Association Analysis Flashcards
What is genetic association?
→ The presence of a variant allele at a higher frequency in unrelated subjects with a particular disease cases compared to those that do not have the disease
What is a haplotype?
→ The order of alleles along a chromosome
What is an allele?
→ One form of a variant in the genome
What is a locus?
→ a position in the genome
What is a genotype?
→ both alleles at a locus
What is a case control study?
→ Case group who all have the disease
→ Controls that match the people with the disease for non-disease traits such as ; age, location, ethnicity
What are the requirements for a good case control study?
→ Large numbers of well defined cases
→ Equal numbers of matched controls
→ Reliable genotyping technology
→ Standard statistical analysis
What extra step do you need to do when you find a positive association?
→ Replicate
→ To prove that it is not by chance
What are characteristics of an ideal genetic marker?
→ Polymorphic
→ Randomly distributed across the genome
→ Fixed location in the genome → Frequent in genome → Frequent in population → Stable with time → Easy to assay (genotype)

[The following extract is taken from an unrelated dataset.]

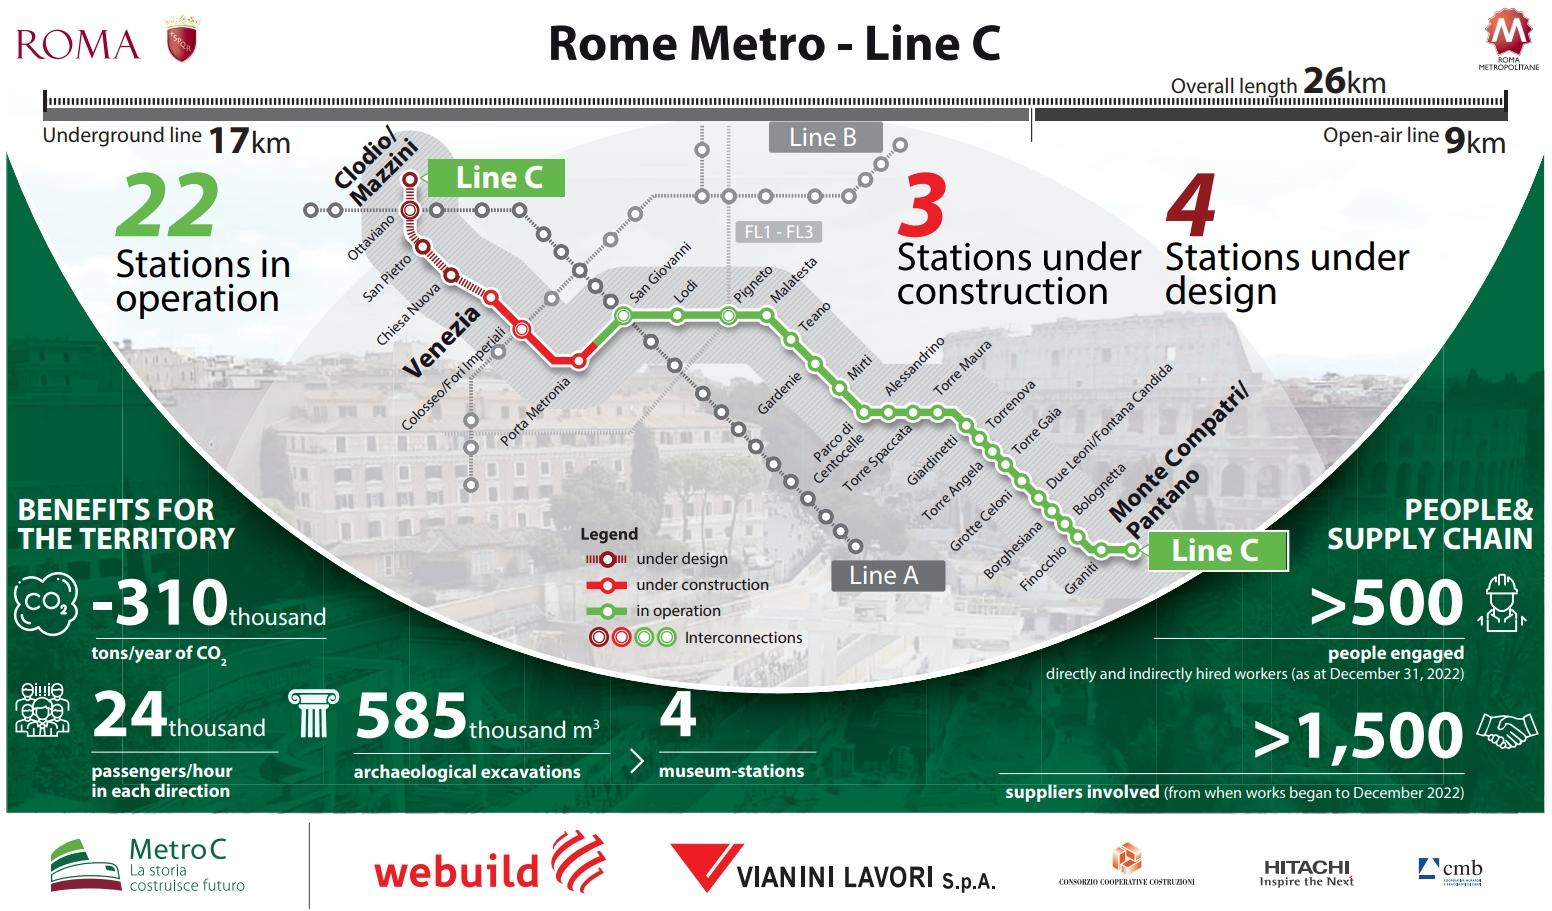 Rome Metro - Line C project infographic - Webuild

How often are SNPs found in the genome?
→ 1 in every 300 nucleotides
How many SNPs have been identified in the genome?
→ 12 million
How are SNPs formed?
→ The repair mechanism inserts a matching nucleotide to the wrong base so it is different from the original pair
What is the effect of SNPs found in the coding region?
→ Coding region
→ no amino acid change
→ amino acid change
→ new stop codon
Where can SNPs be found in the non coding region and what is the effect?
→ Promoter - mRNA and protein level changed
→ Terminator - mRNA and protein level changed
→ Splice site - altered mRNA, altered protein
What do the major and minor allele frequency add up to?
→ 1
What is a GWAS?
→ genome wide association study
→ association between disease and alleles of each marker - chi squared test
How is GWAS data represented?
→ a single graph called the Manhattan plot
What are the axes on a Manhattan plot?
→ X axis is the position of the SNP on the chromosome
→ Y axis is the -log10 (P value) of the association - done by chi squared
What does a peak on the Manhattan plot signify?
→ The peak does not identify the gene causing the disease
→ It identifies the genomic regions associated with disease and is smaller than 100kb
Why is the scale -log10 on the manhattan plot?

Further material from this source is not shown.